**Collected data**.

********

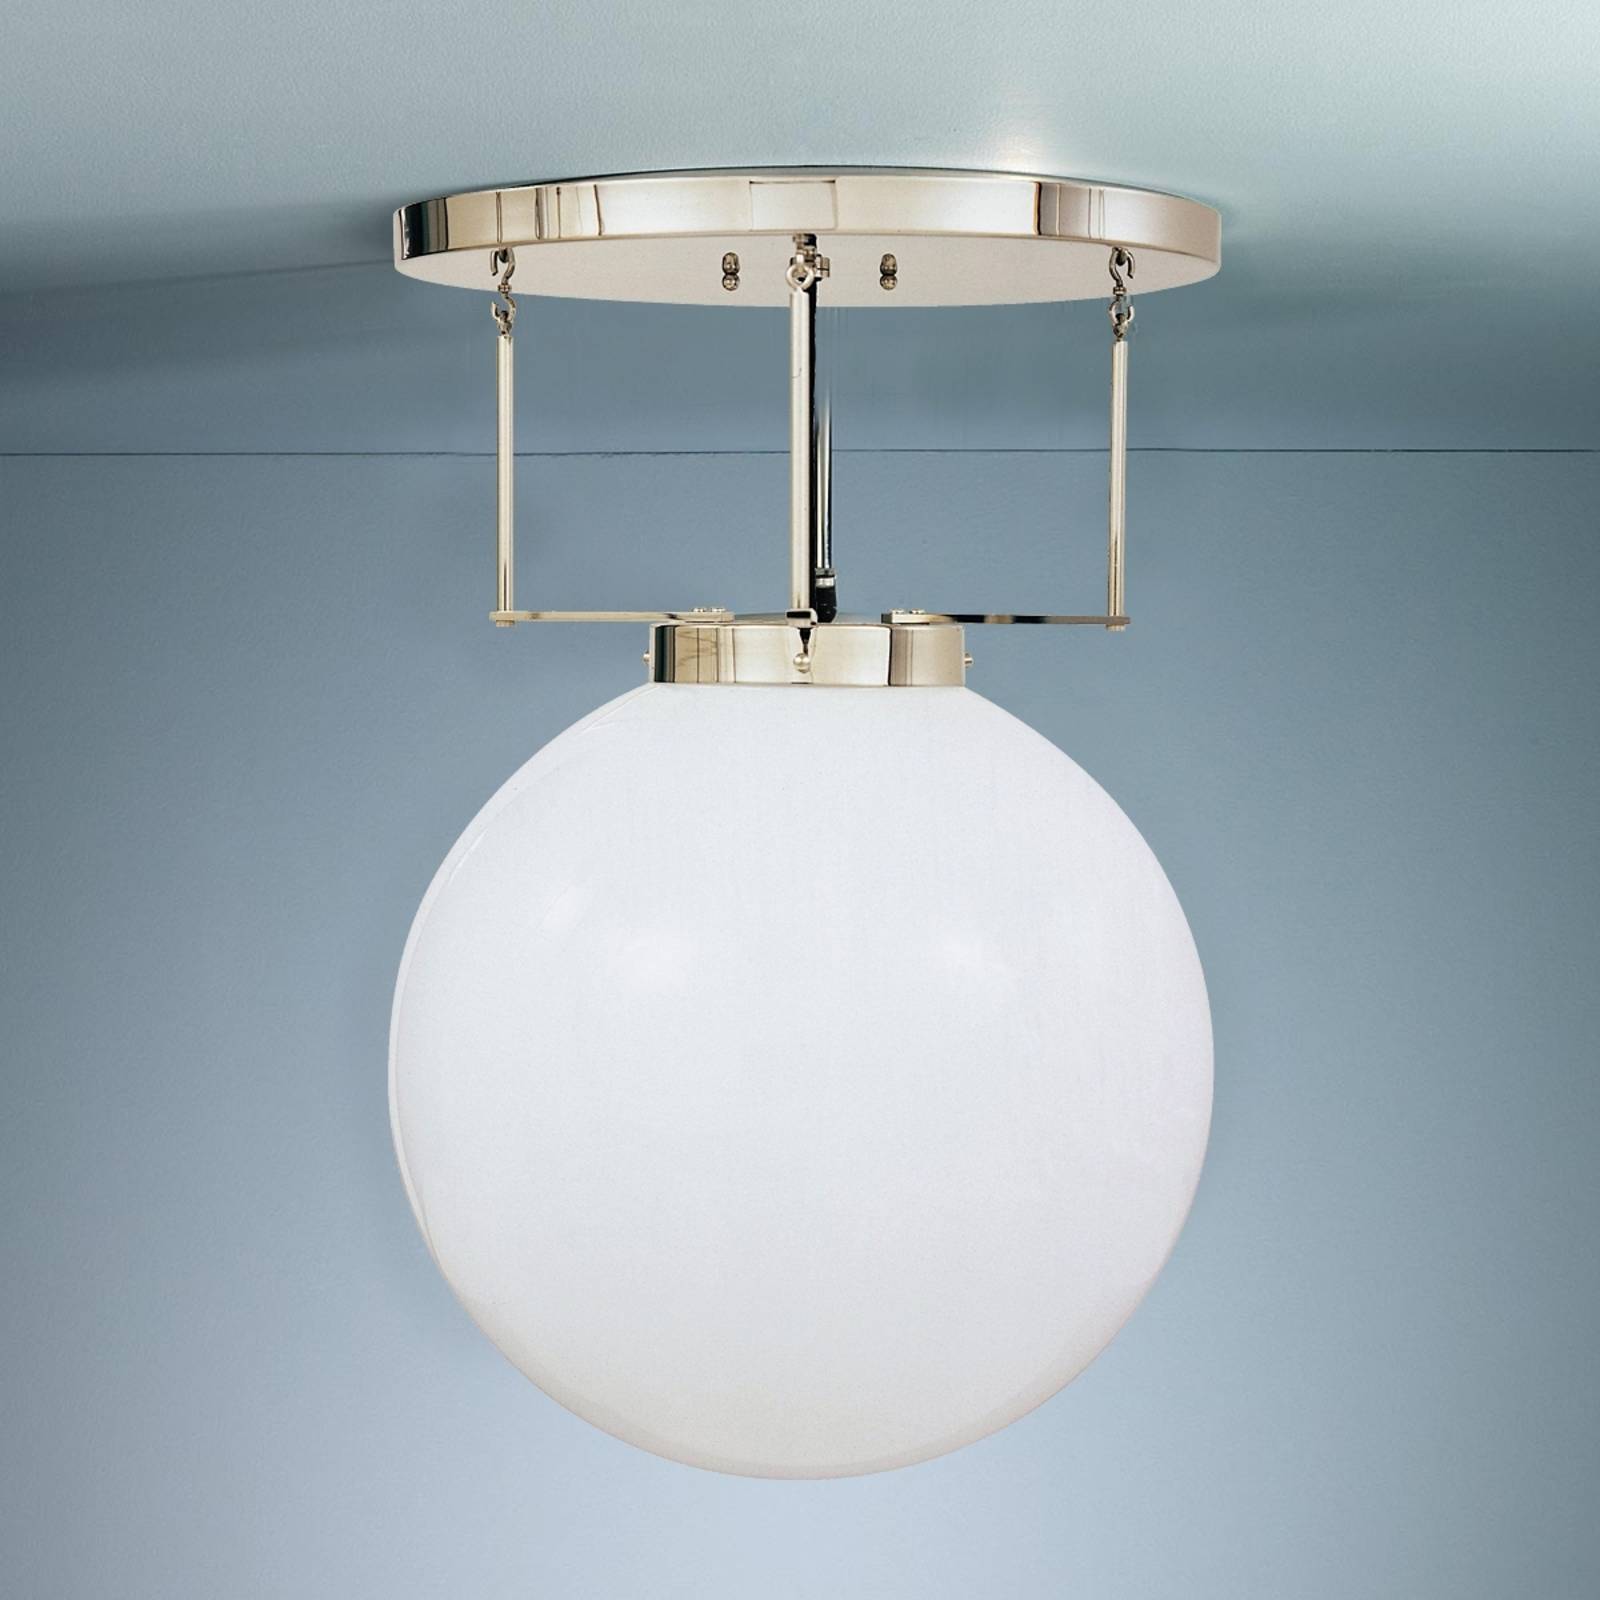 Lampa sufitowa w stylu Bauhaus 40 cm
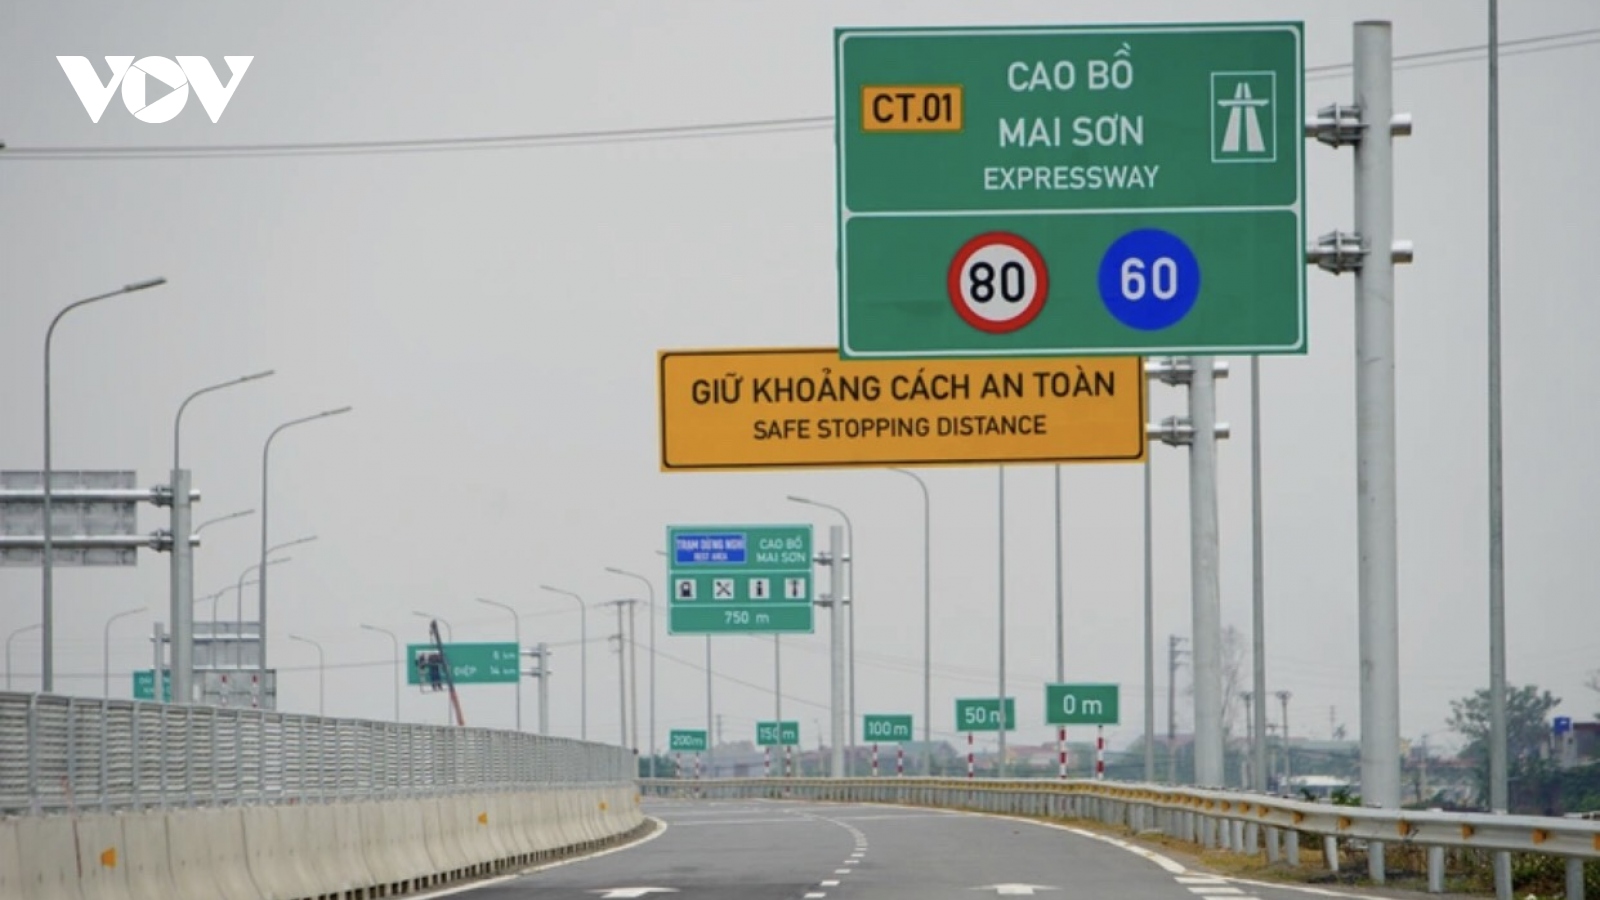 Mở rộng cao tốc Cao Bồ - Mai Sơn lên chuẩn cao tốc 6 làn xe
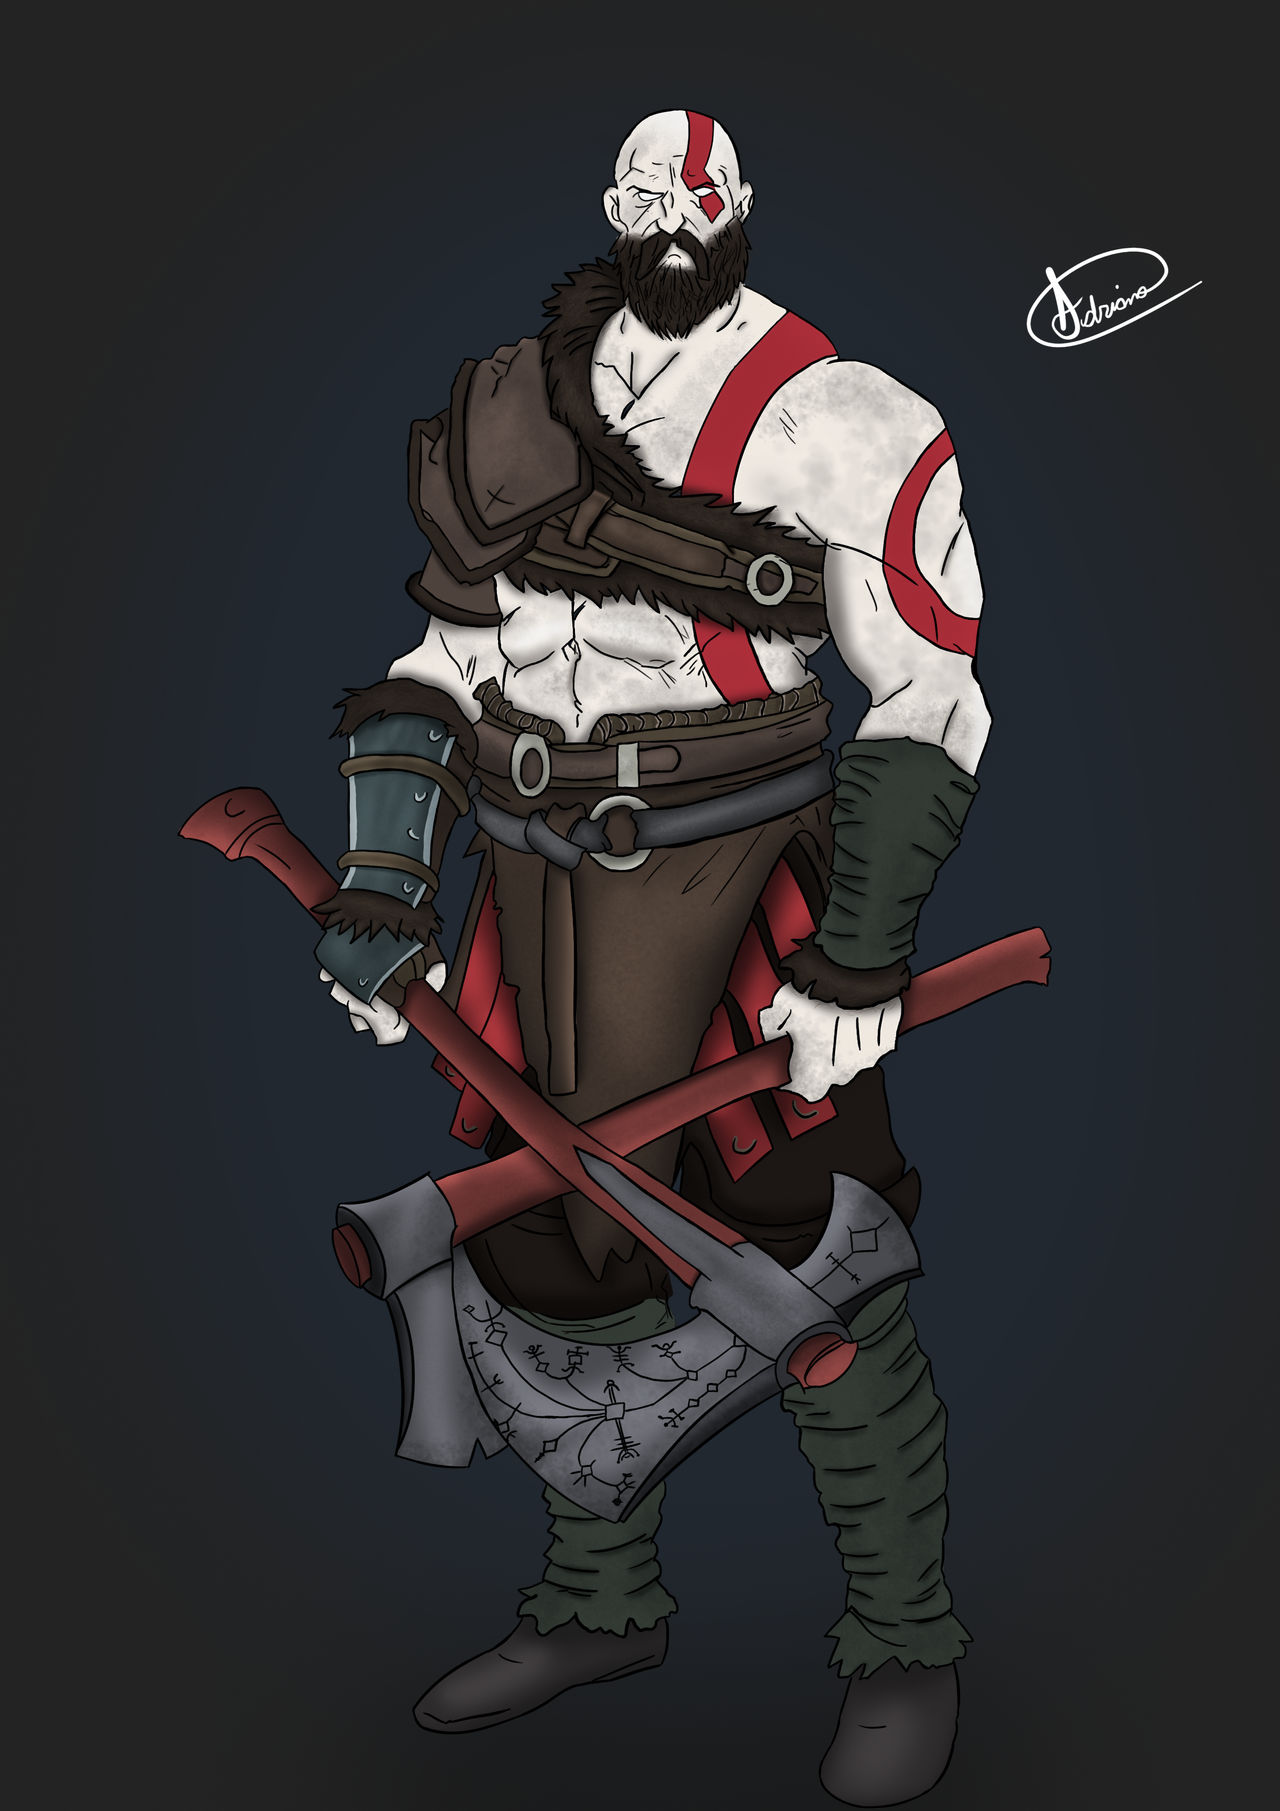 God of War - Kratos Digital Art by ShintaruSF on DeviantArt
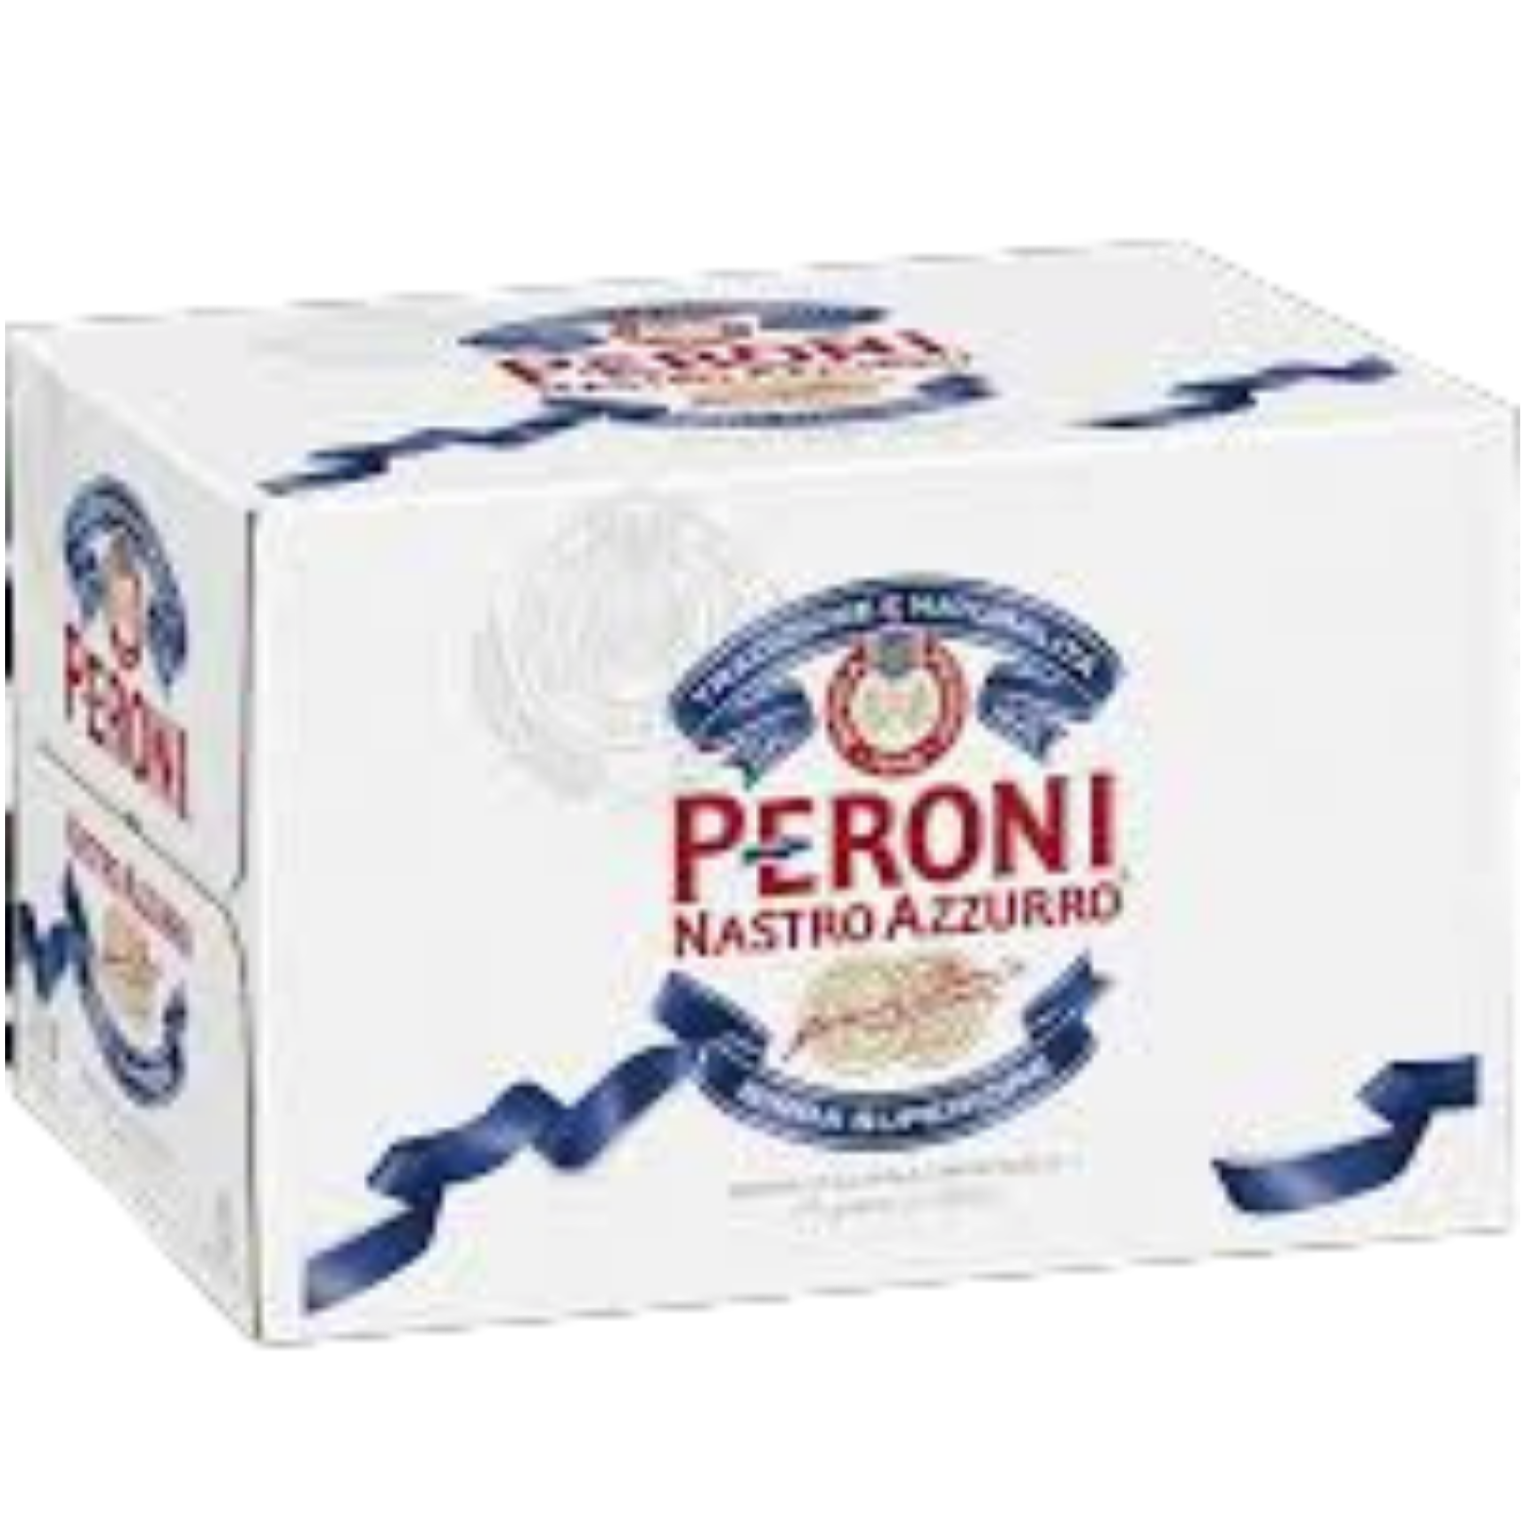 Peroni Nastro Azzurro Bottles 330mL

********

**What to produce**. Give the lines from the one containing "Mở rộng cao" through the last line of the material again, exactly and with no pictures, both ends included.

**Response for this exercise**.
 Mở rộng cao tốc Cao Bồ - Mai Sơn lên chuẩn cao tốc 6 làn xe
 God of War - Kratos Digital Art by ShintaruSF on DeviantArt
 Peroni Nastro Azzurro Bottles 330mL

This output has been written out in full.